C.H.パリー 「イェルサレム」

指揮ポール・ダニエル
演奏イギリス・ノーザン・フィルハーモニア
リーズ・フェスティヴァル・コーラス
録音1996年7月7日、10月25日
カップリングウォルトン 戴冠式行進曲「王冠」 他
「プロムス・ラストナイトの定番曲集」の一部
発売NAXOS
CD番号8.553981


このCDを聴いた感想です。


 原曲はオーケストラではなくオルガンだけが伴奏ですが、プロムスの最終夜に演奏されるのが定番になったこともあり、今となってはエルガーが編曲したオーケストラによる伴奏の版の方が知られているのではないでしょうか。
 わたし自身そのオーケストラ版の方がなじみがあり、プロムスのライブ録音や、このCDのようにプロムスで演奏される曲を集めた企画CDを愛聴していました。
 そんな折、そのオーケストラ版の総譜が出版されていることを知ったのです。
 これはもうぜひ手に入れるしかない、と思い、あちこちの店を回ってみたのですが店頭には無く、ついには注文までして一ヶ月以上も時間をかけてやっとのことで手に入れました。
 その日帰宅して、早速手持ちのプロムスのCDをかけて聴いたみたのですが、どうも楽譜と演奏が今一つ噛み合っていません。小節数自体は合っているものの、耳に聞こえてくる音が総譜には無かったりと、あちこちに食い違いがあるのです。
 どうやらこの総譜は、オーケストラ版ではあっても、一般的に演奏されるエルガー編のものではなく、別の人が編曲した版のようなのです。たしかに総譜のどこを見ても、エルガーなんて単語はどこにも出てきません。では一体誰が編曲したものかというと、それすら何も書いてないのですが……
 結局、イェルサレムのオーケストラ版には『エルガー版』とこの総譜の版(編曲者の名前が無いので、出版者の名前をとって仮に『カルマス(Kalmus)版』としておきます)の二つがあることがわかりました。
 とはいえ、世の中に出回っているオーケストラ版の演奏は、ほとんどがエルガー版で、特にプロムスの実演はほぼ間違いなくエルガー版が使われているようです。だからこそエルガー版の方が一般的になったのかもしれませんが。
 わたしの手元にはオーケストラ版の演奏が10種類程度ありますが、内8種類がエルガー版で、カルマス版を使っているのは、たった2種類しかありません。その一つは、なぜかロックバンドのオアシスのボーカルであるリアム・ギャラガーが最近のアーティストの中で唯一認めたソプラノ歌手、シャルロット・チャーチのアルバムの一曲で(当然歌っているのは合唱ではなくチャーチのソロ)、もう一つが、今回取り上げたハーディングのものです。NAXOSの「プロムス・ラストナイトの定番曲集」の一曲で、合唱が歌っているのはこの演奏だけです。

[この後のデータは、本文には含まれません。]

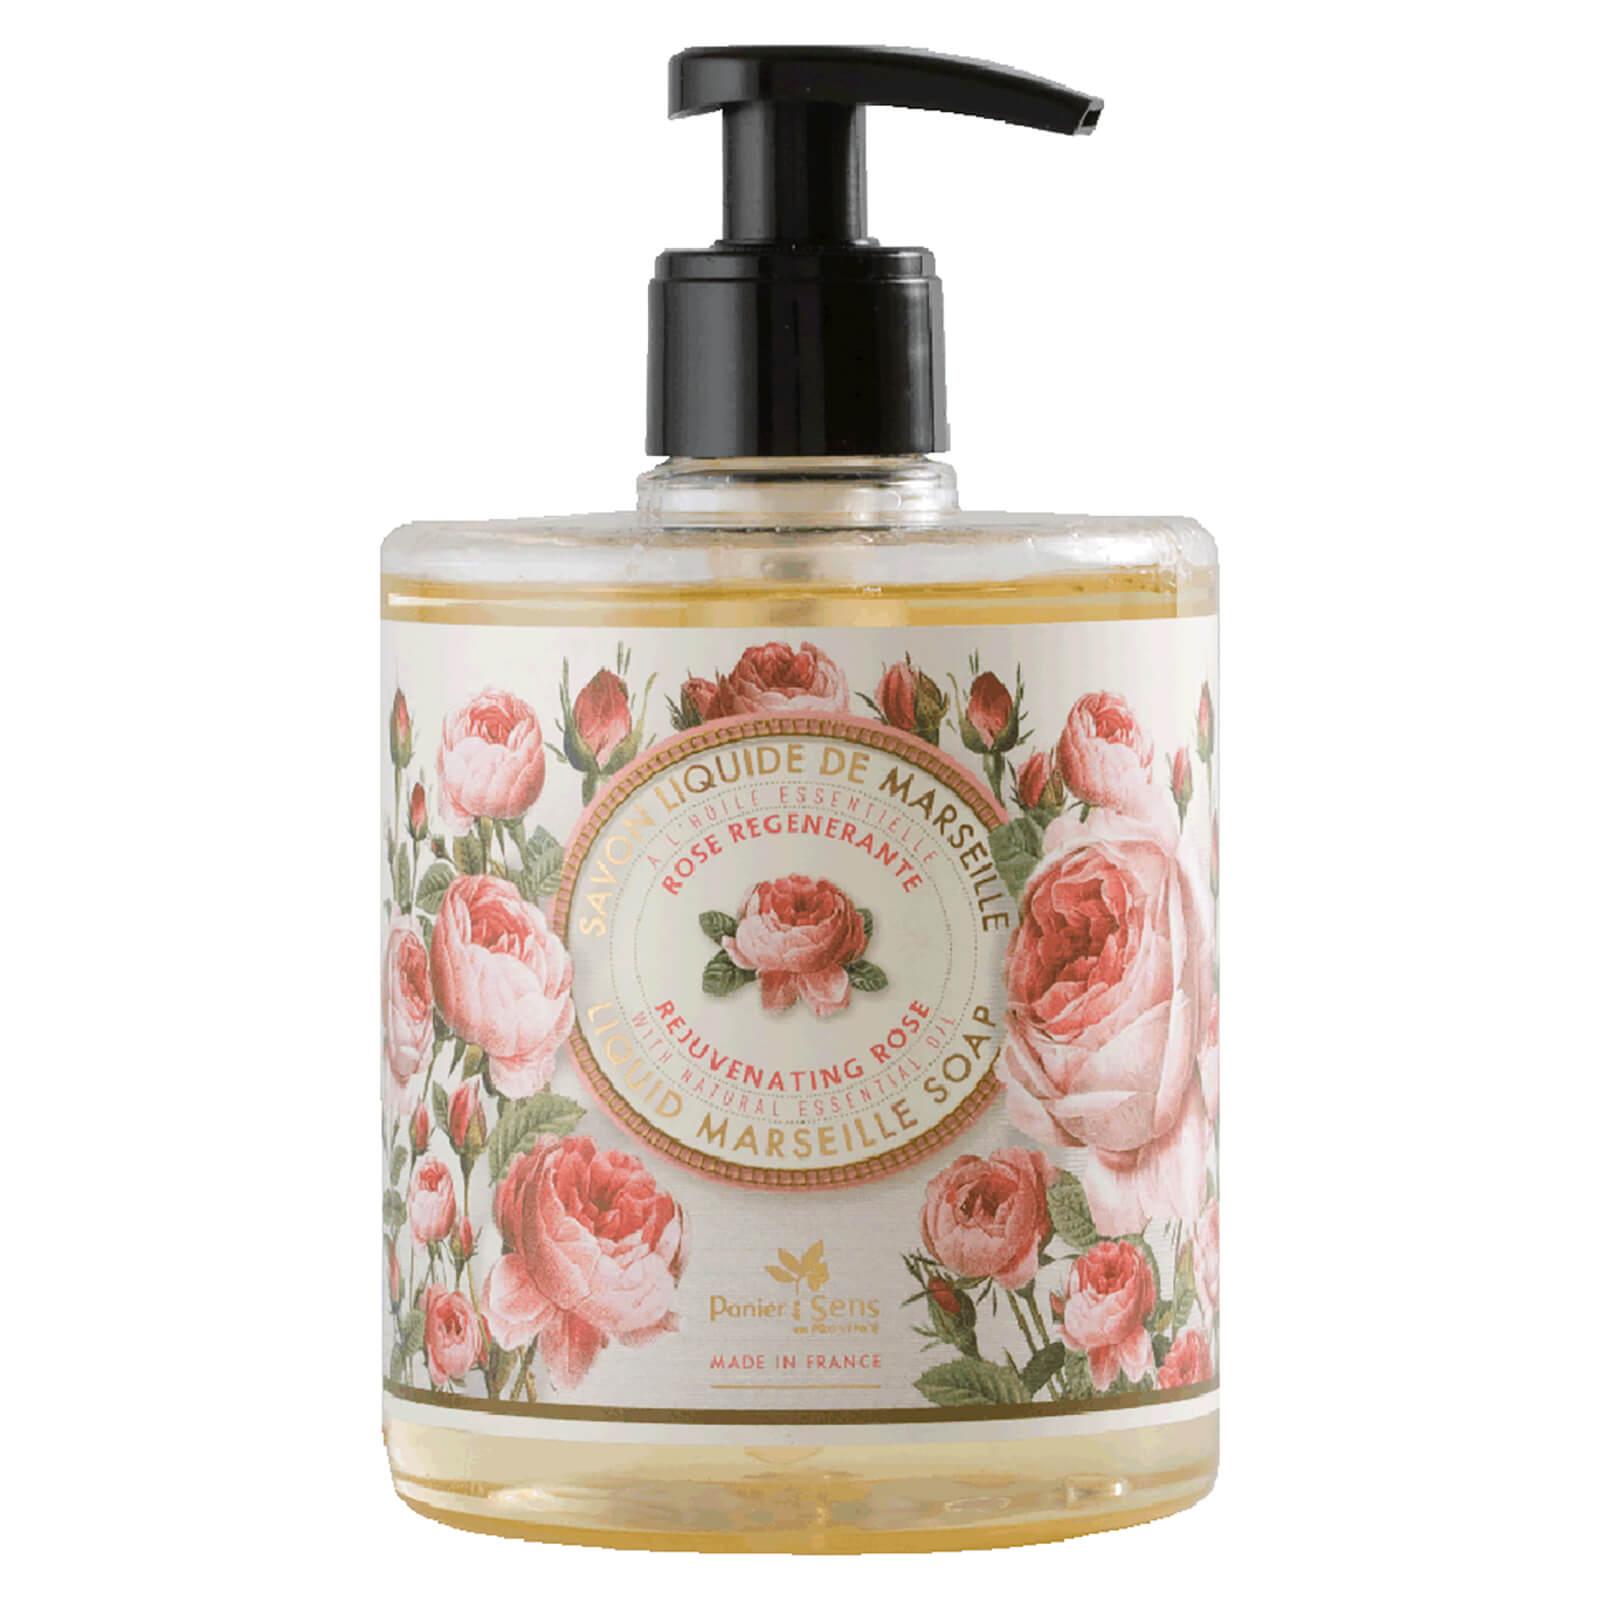 Купить Panier des Sens The Essentials Rejuvenating Rose Liquid Marseille Soap

 一種類の版しか聞いたことがない方が、その演奏がどちらの版を使っているか知りたい場合、まあ、たいていの場合はエルガー版なのですが(特にプロムスの場合はほぼ間違いないでしょう)、一応、見分けるポイントがいくつかあります。
 全体的にエルガー版の方が派手ですが、細かい部分では、まず冒頭です。
 ハープが盛大に出てくるようならまずエルガー版です。カルマス版にはそもそも編成上ハープは含まれていません。
 もっとも、ハープが入っていても録音の関係であまり聞こえないこともありますし、逆にカルマス版にハープを付け足している可能性も無いとはいえません。
 次にポイントなるのが、1番から2番へと移る際の3小節間の短い間奏の部分です。
 メロディーは3小節目の頭が頂点で、カルマス版はオーケストラ全体としてもそこを頂点にして2番の歌詞が入る部分へと次第に落ち着いて行きます。しかしエルガー版は、2番に入る直前の付点のリズムがティンパニー付きで強調されていてそこが間奏で一番盛り上がる部分になっています。
 さらに2番に入ってから、歌詞が「Bring me my arrows of desire」から次の「Bring me my spear」へと移る間に、ヴァイオリンに円を描きながらも勢い良く駆け上っていく動きがあれば間違いありません。それはエルガー版です。
 あと、エルガー版ではオルガンが入ることも多いようです。

 上記の違いからも、少し想像つくと思いますが、全体的にエルガー版の方が華やかです。
 原曲に無かった細かい動きや合いの手が多く加わり、情熱的でよりドラマチックと言っても良いかもしれません。
 エルガー版をロマン派的としたら、カルマス版は古典派的というところでしょうか。エルガー版に較べてカルマス版の方はここぞという部分での派手な盛り上げが無く、大人し目に聞こえます。
 ただ、原曲のオルガン伴奏の雰囲気に近いのはカルマス版の方です。
 コラールのような和音の動きによる伴奏で、賛美歌の雰囲気に近く、エルガー版の興奮はありませんが、祈るような真摯な気持ちになってきます。
 考えてみれば、そういう雰囲気があのプロムスの熱気ムンムンの最終夜には全然合うわけがなく、エルガー版が使われているは非常に理に適っているというわけですね。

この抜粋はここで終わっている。